Shares of Slack Technologies (NYSE:WORK) rose as much as 11.3% on Tuesday morning, hanging around just below the 11% mark at 2:45 p.m. EST. The business collaboration software expert was boosted by a bullish analyst report.
Analyst firm RBC Capital started coverage of Slack this morning with an "outperform" rating on the stock and a price target of $25 per share. That's 19% above Monday's closing price. RBC analyst Alex Zukin cited Slack's market-leading brand power and unique technology, arguing that the company should be able to post revenue growth near 30% a year for the foreseeable future.

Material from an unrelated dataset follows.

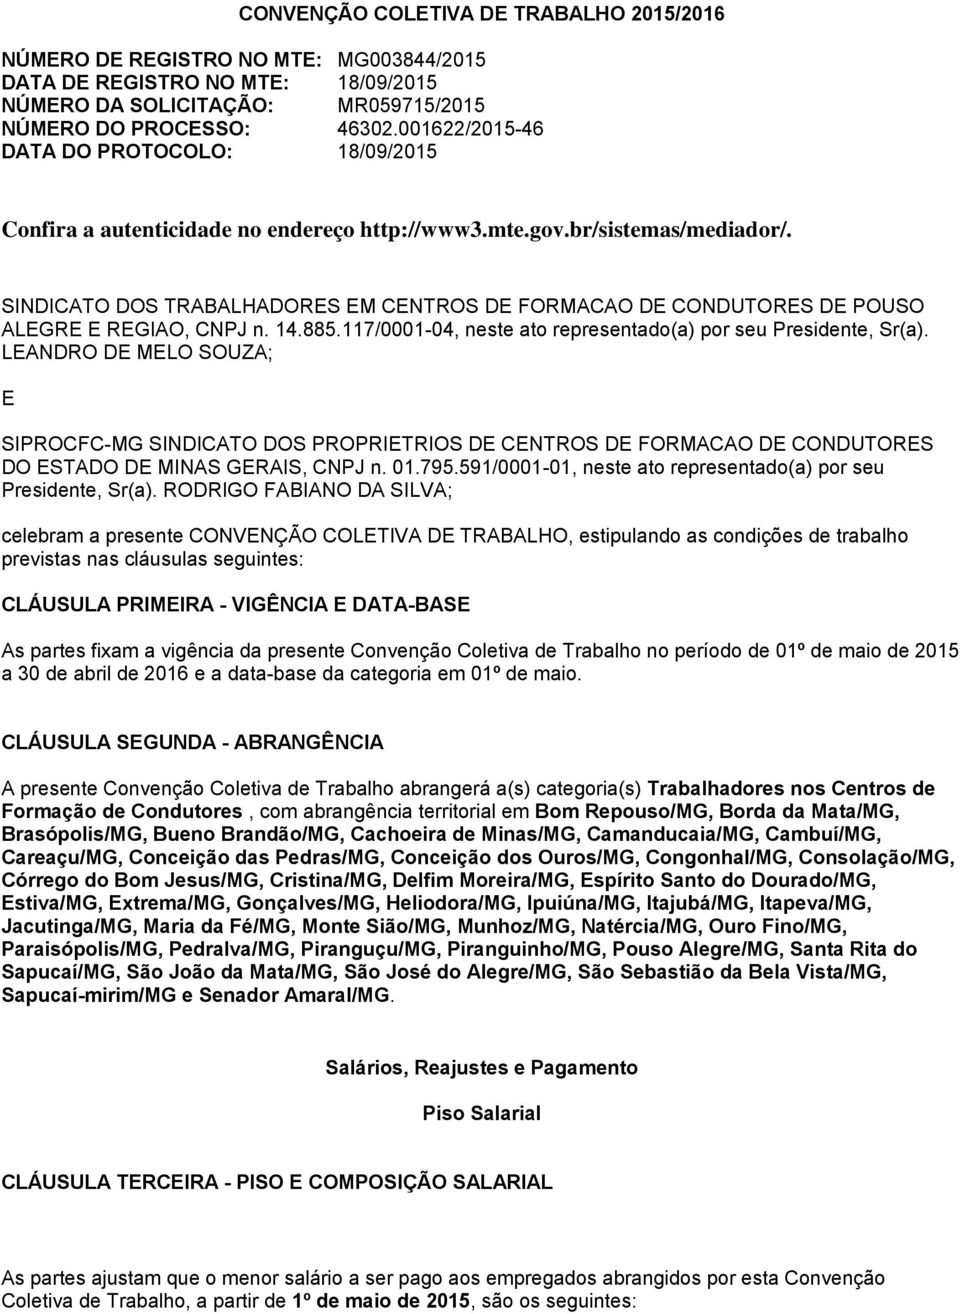 SINDICATO DOS TRABALHADORES EM CENTROS DE FORMACAO DE CONDUTORES DE POUSO ALEGRE E REGIAO, CNPJ n. 14.885.117/0001-04, neste ato representado(a) por seu Presidente, Sr(a).

Zukin also said that the workplace collaboration market is validated by the fact that mighty Microsoft (NASDAQ:MSFT) is chasing it with a heavy focus on its own Slack alternative, Microsoft Teams. The market could grow into an $88 billion annual revenue opportunity, the analyst noted, and Slack's first-mover advantage would be very valuable in that case.
That being said, Slack's shares have moved largely downward ever since the company joined the public stock market in the summer of 2019, and it trades 40% below its all-time highs -- which happened to fall on the stock's very first day of trading. Ironically, the same Microsoft Teams alternative that Zukin sees as proof of a massive market also drove Slack's shares down because it's a serious rival. Slack is a classic growth stock where its market value rests on sustainable revenue growth and best-guess estimates of profits and cash flow in the far future. That's why a single analyst note was able to lift its share prices more than 10% today.